§ THE PROBLEM
Transcribe the data exactly, omitting whatever pictures it holds.

§ INFORMATION SUPPLIED
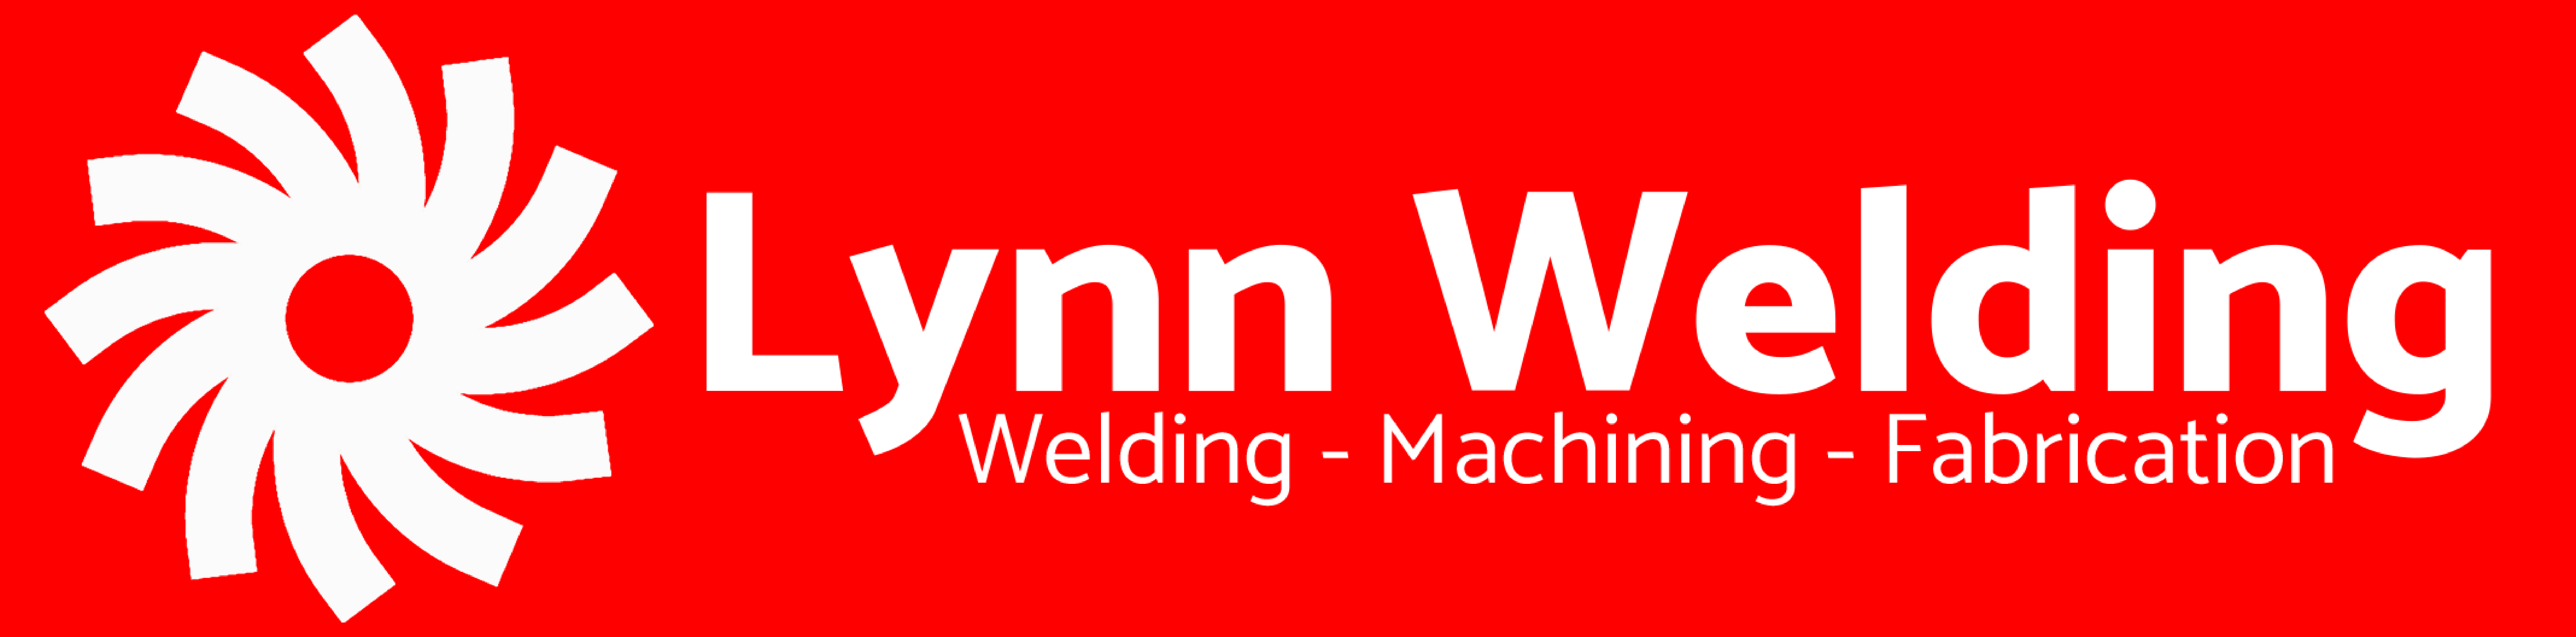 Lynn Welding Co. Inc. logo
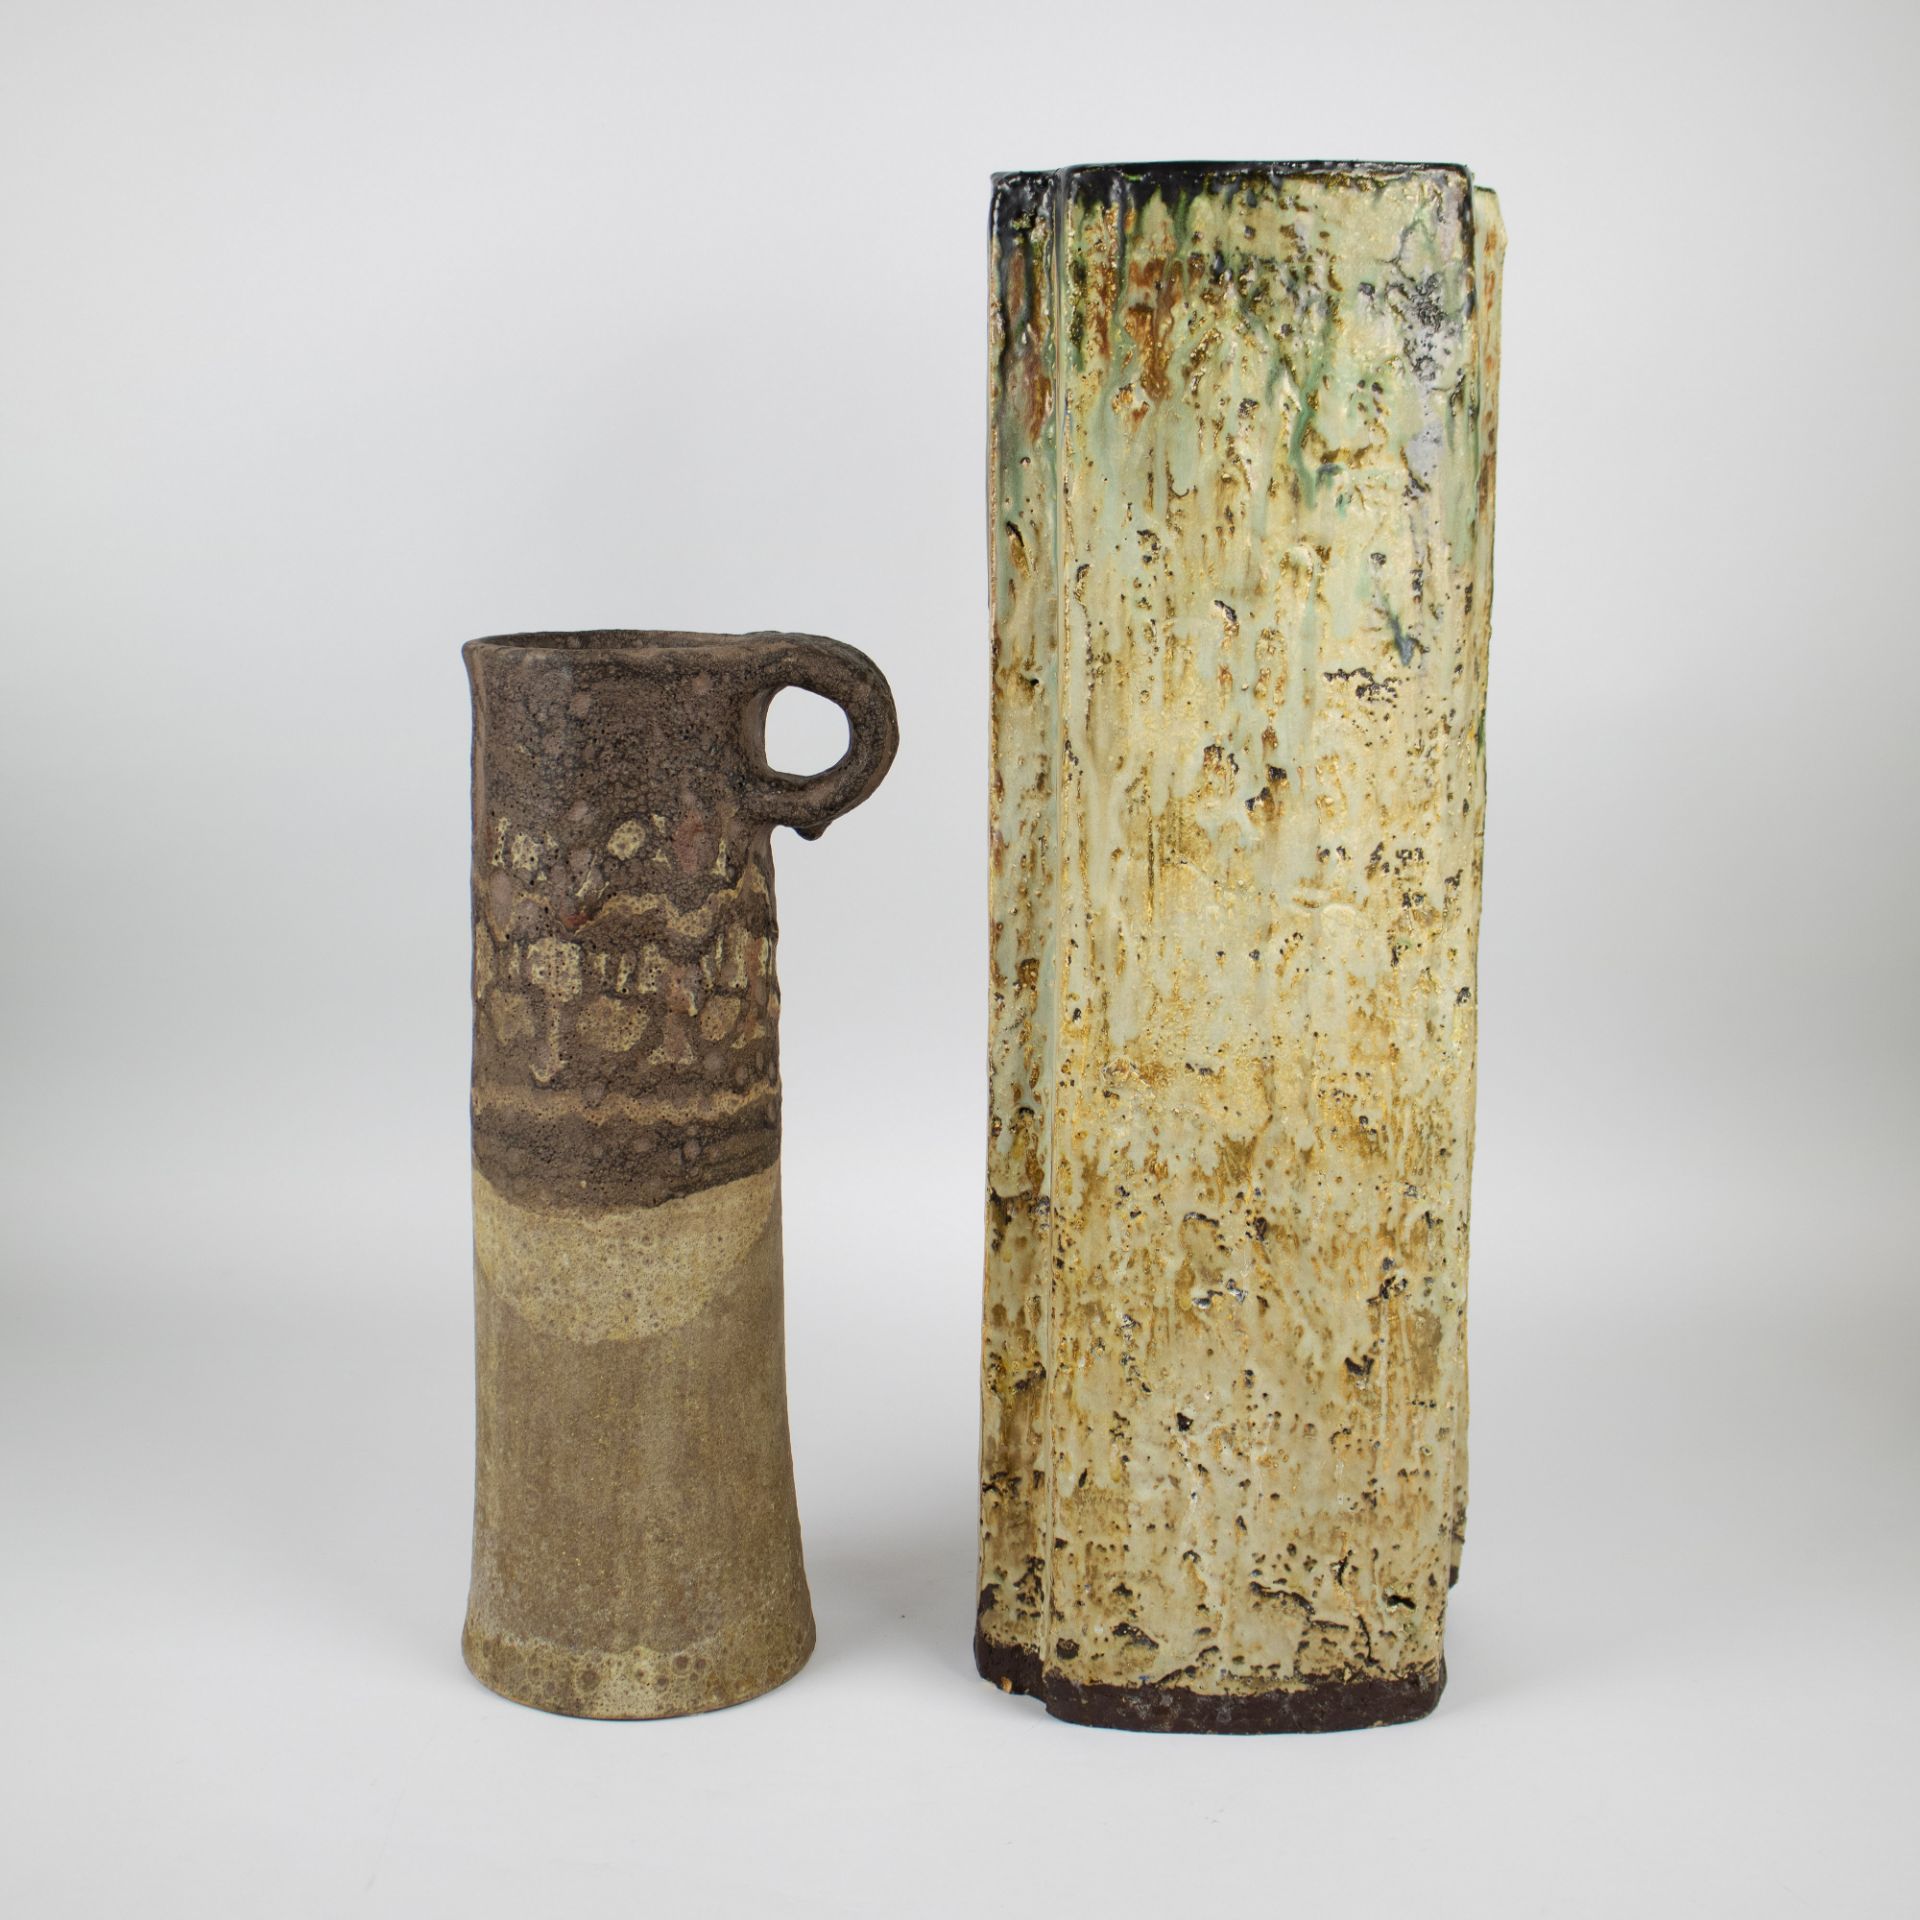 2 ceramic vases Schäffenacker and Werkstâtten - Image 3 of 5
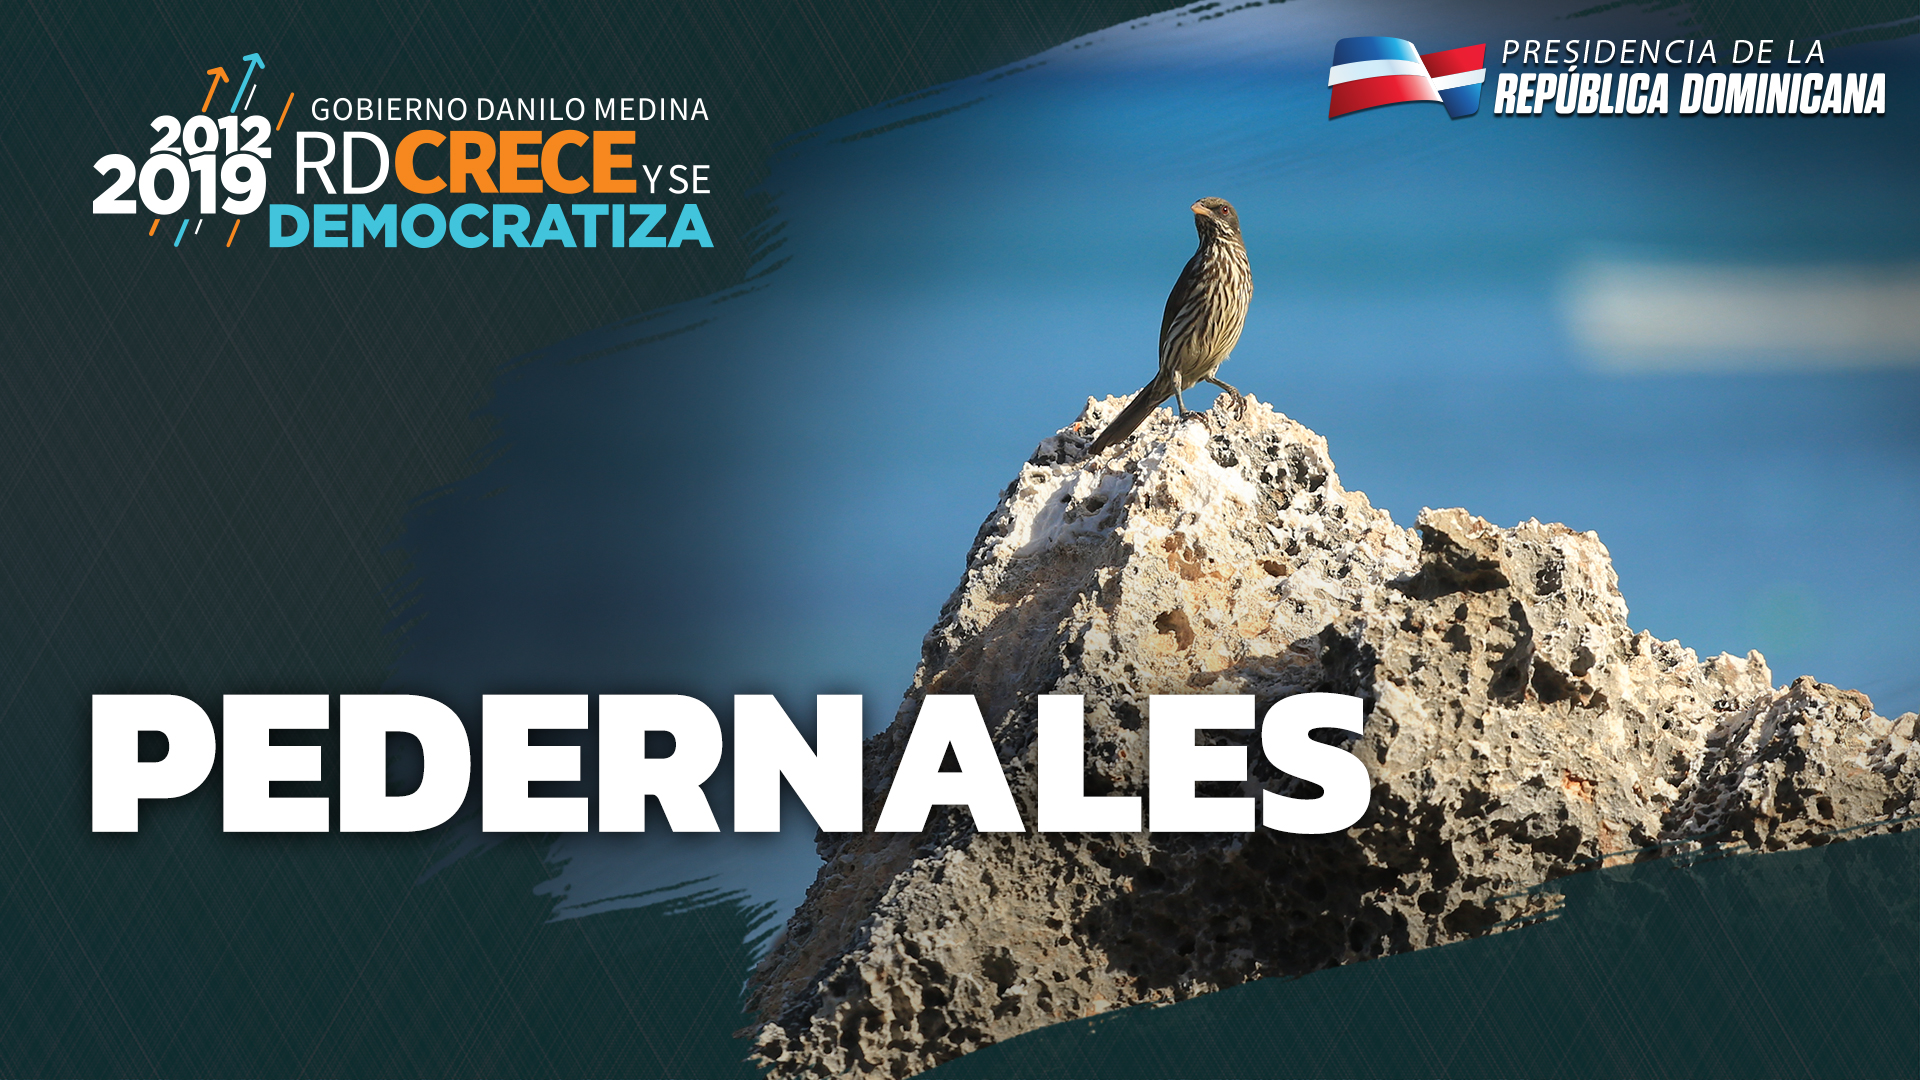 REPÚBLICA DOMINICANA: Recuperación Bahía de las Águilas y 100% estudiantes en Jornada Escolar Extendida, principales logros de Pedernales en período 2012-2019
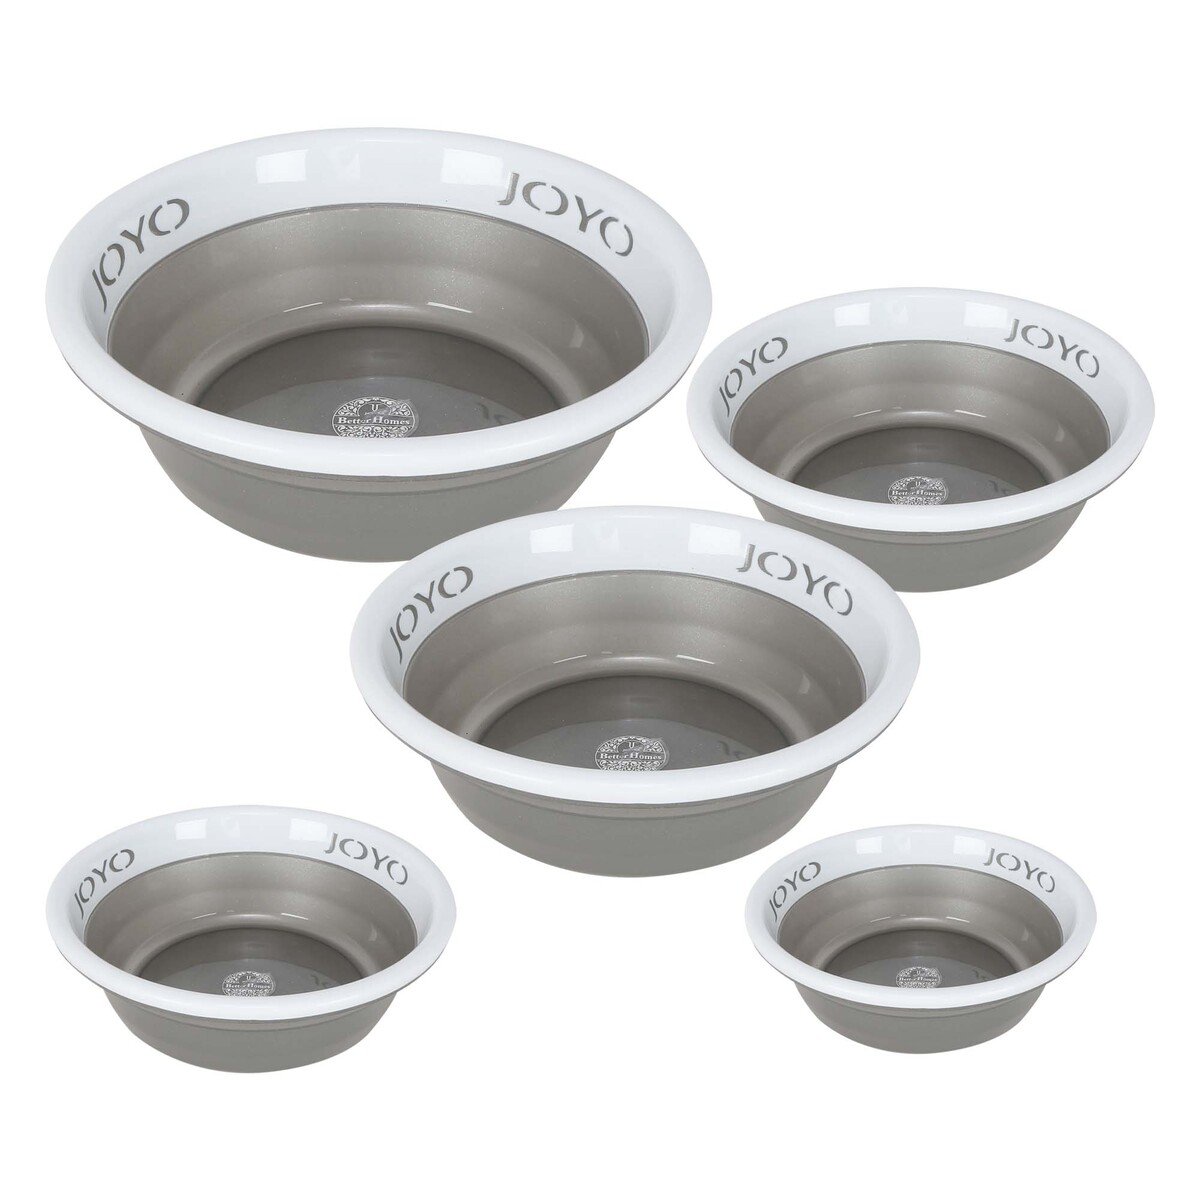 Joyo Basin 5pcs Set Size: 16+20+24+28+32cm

§ RESPONSE TO THIS EXERCISE
 Lynn Welding Co. Inc. logo
 2 ceramic vases Schäffenacker and Werkstâtten - Image 3 of 5
 REPÚBLICA DOMINICANA: Recuperación Bahía de las Águilas y 100% estudiantes en Jornada Escolar Extendida, principales logros de Pedernales en período 2012-2019
 Joyo Basin 5pcs Set Size: 16+20+24+28+32cm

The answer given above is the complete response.